I looked at Kole’s eyes, then Terror’s, then MJ’s.

They all mirrored each other. I didn’t know what the fuck was going on or what to say.

This didn’t need to go further. The secret was out.

I would deal with the consequences of the test, but MJ could only get harmed if they went at it.

“I’M SORRY!!! I’m so sorry, Terror.” I sobbed

“Fuck yo’ sorry!” Terror shouted.

“Aye, now that’s my bitch watch yo’ tone!” Kole shot.

“Nigga fuck you! Where the fuck were you while I was taking care of him? You need to stop fucking talking to me.”

“Or what?” Kole upped his gun, and Terror did the same, and MJ started to cry hysterically.

“Y’all please don’t do this in front of him. Please, he is only a child,” I cried, trying to reason with them both.

“Shut the fuck up, Crystal! My son needs to see this shit. He gone have to lay plenty niggas out in his day.” Kole said.

“If he yo’ son think about him. Crystal, take him away NOW!

” Terror spoke, trying to be the bigger man.

No doubt he still loved MJ and didn’t want anything to happen to him.

I knew he only said those words on the strength of his love for this boy because he never backed down from a fight.

I eased my way back, trying to get out of the line of sight for the guns.

“Don’t move, Crystal. I don’t miss,” Kole said again.

Before I could make another move, gunshots rang through the house.

I couldn’t see anything as fragments and smoke clung through the air.

All I could do was scream and duck to try to get my son and myself to safety.

I clung to him tightly as I crouched down behind the island.

I couldn’t believe they would do this with MJ present.

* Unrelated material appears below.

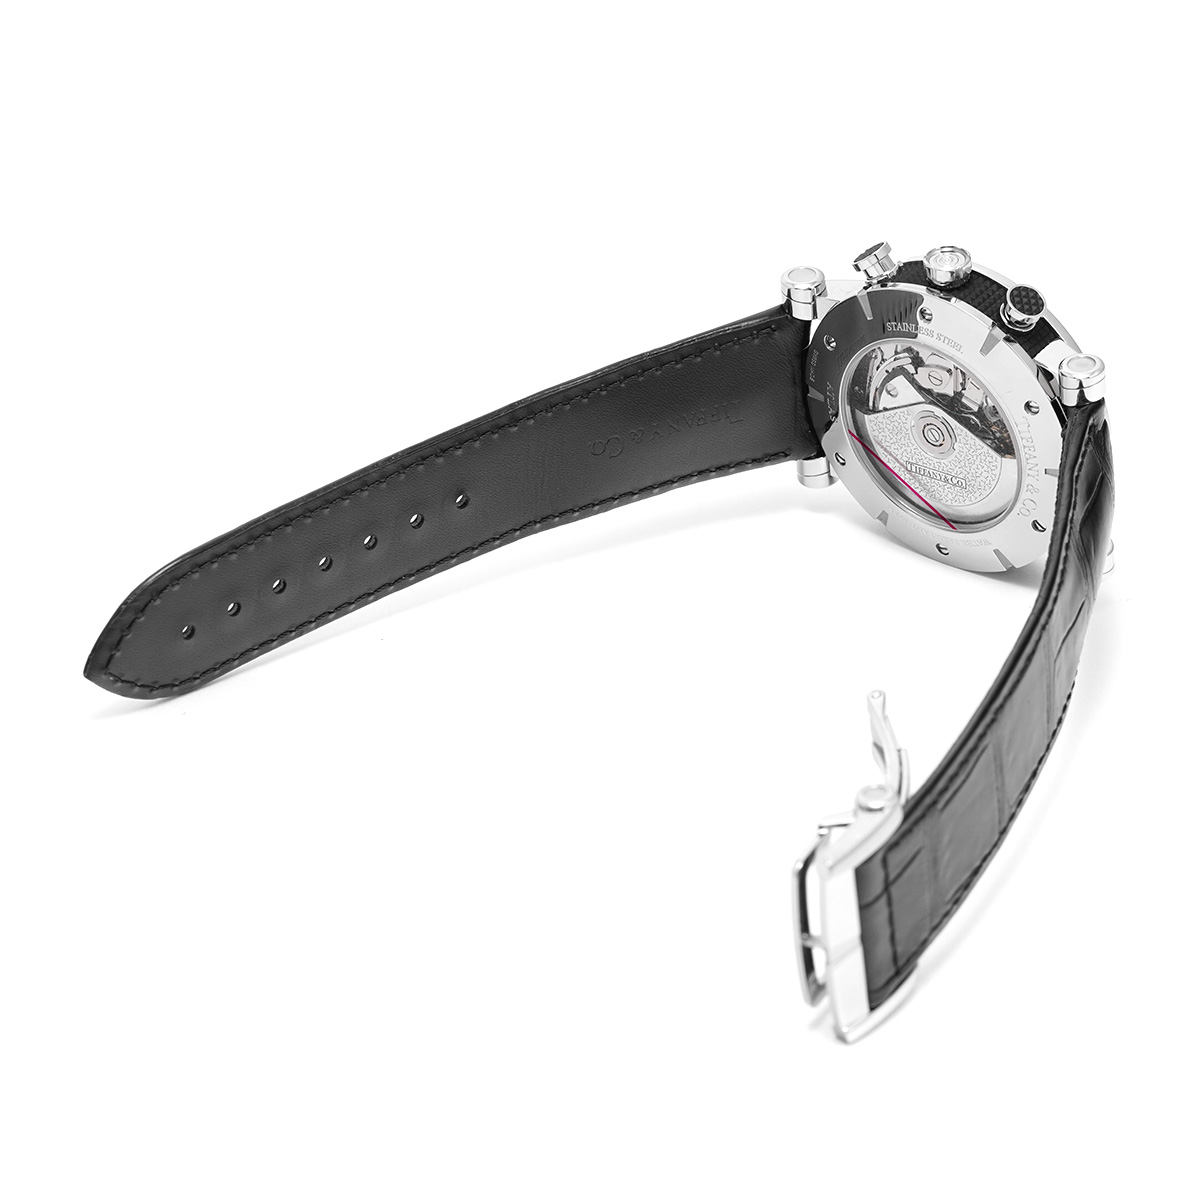 ティファニー TIFFANY & Co. Z1000.70.12A10A00A ブラック /グレー メンズ 腕時計

The fire went on for a few more minutes until I heard the door open and close, and more gunfire for a moment, and then nothing.

I walked around the island and saw so many damn holes everywhere.

I didn’t know what to do. There was blood everywhere, and I looked to see who was still there.

I saw a blood trail leading out the door, and when I looked out, Kole’s viper was gone.

I looked frantically around for Terror, and I saw him in the hallway with his shirt bloody.

“FUCK!” he screamed as he fought to get up. He propped himself on his left arm and slowly got to his feet. He was fighting to catch his breath. He looked at me with wide eyes while he winced in pain.

“Daddy!” MJ squealed as he saw Terror collapse back to the ground with a blood-soaked shirt.